The temporary table is automatically dropped when the session ends. To verify this, run \dt again to list the available tables. The output should confirm that the temp_premium_customers table no longer exists:

                      List of relations
 Schema |        Name        | Type  |  Owner  |   Storage
--------+--------------------+-------+---------+-------------
 public | business_customers | table | gpadmin | append only
 public | customers          | table | gpadmin | append only
 public | stg_customers      | table | gpadmin | append only

To learn more about viewing table information, see the View information about tables section below.

The SQL request below creates the orders table with a unique constraint on the order_id column using the UNIQUE clause:

CREATE TABLE orders
(
    order_id    INTEGER UNIQUE,
    customer_id INTEGER,
    product_id  INTEGER,
    price       NUMERIC(6, 2)
)
    DISTRIBUTED BY (order_id);

Every value in the order_id column must be distinct — no duplicates are allowed.
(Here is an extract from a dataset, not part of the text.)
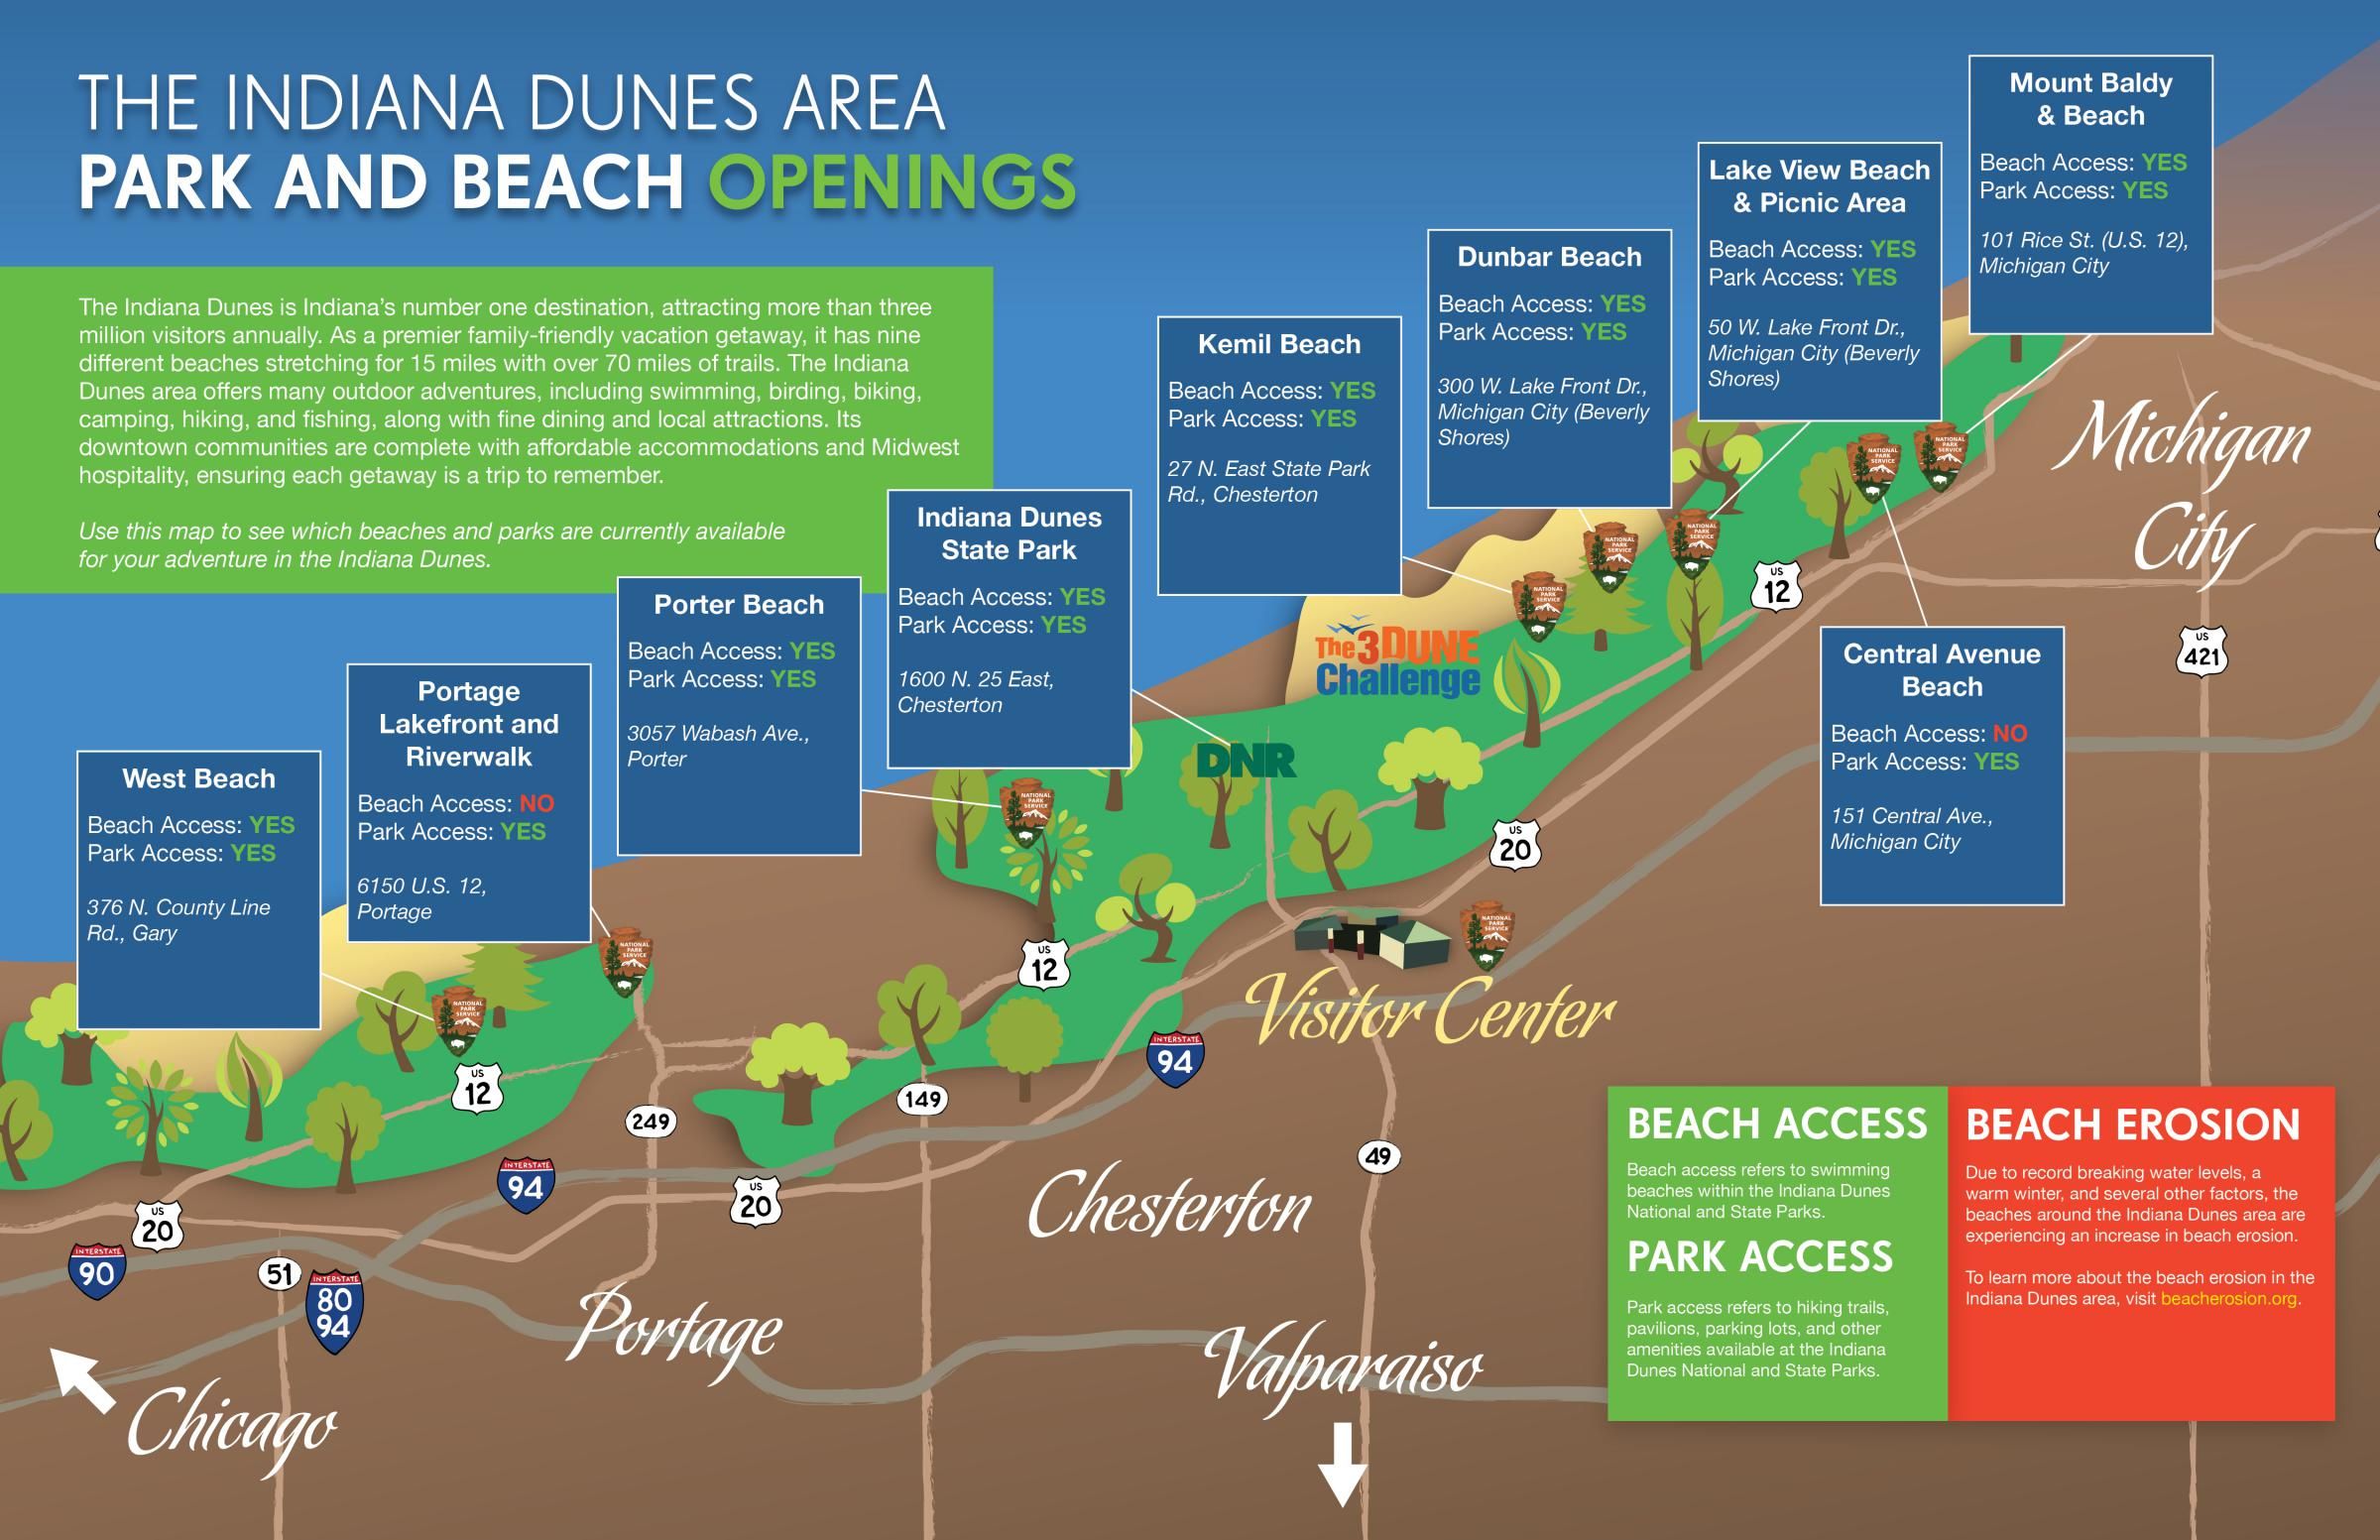 A map shows which beaches are closed in Indiana Dunes National Park. Image courtesy of Indiana Dunes Tourism.

For example, the INSERT request below violates the specified unique constraint:

INSERT INTO orders (order_id, customer_id, product_id, price)
VALUES (1, 1, 11, 99.9),
       (1, 2, 35, 25.5);

The following error is raised in this case:

duplicate key value violates unique constraint "orders_order_id_key"

IMPORTANT

Note the following for unique and primary key constraints:

Defining a unique constraint implicitly creates a unique index.
A unique constraint must include all columns of the distribution key and the columns of the partitioning key (if specified).
Unique constraints are not supported for append-optimized tables.

The command below creates the orders table with a not-null constraint on the order_id column using the NOT NULL clause:

CREATE TABLE orders
(
    order_id    INTEGER NOT NULL,
    customer_id INTEGER,
    product_id  INTEGER,
    price       NUMERIC(6, 2)
)
    DISTRIBUTED BY (order_id);

The order_id column should not contain null values. For example, the INSERT request below violates the specified not-null constraint:

INSERT INTO orders (order_id, customer_id, product_id, price)
VALUES (1, 1, 11, 99.9),
       (NULL, 2, 35, 25.5);

The following error is raised:

null value in column "order_id" violates not-null constraint

A primary key constraint is a combination of unique and not-null constraints. Defining a primary key imposes limitations on how a table’s distribution policy can be defined:

A table must be hash-distributed.
Primary key columns must be the same as a table’s distribution key columns.

If a table has a primary key, this column is chosen as the distribution key by default.

The command below creates the orders table with a primary key constraint on the order_id column:

CREATE TABLE orders
(
    order_id    INTEGER PRIMARY KEY,
    customer_id INTEGER,
    product_id  INTEGER,
    price       NUMERIC(6, 2)
)
    DISTRIBUTED BY (order_id);

For example, the INSERT request below violates the specified constraint:

INSERT INTO orders (order_id, customer_id, product_id, price)
VALUES (1, 1, 11, 99.9),
       (1, 2, 35, 25.5);

The following error is thrown:

duplicate key value violates unique constraint "orders_pkey"

A check constraint allows you to specify that values in one or more columns must satisfy a boolean expression.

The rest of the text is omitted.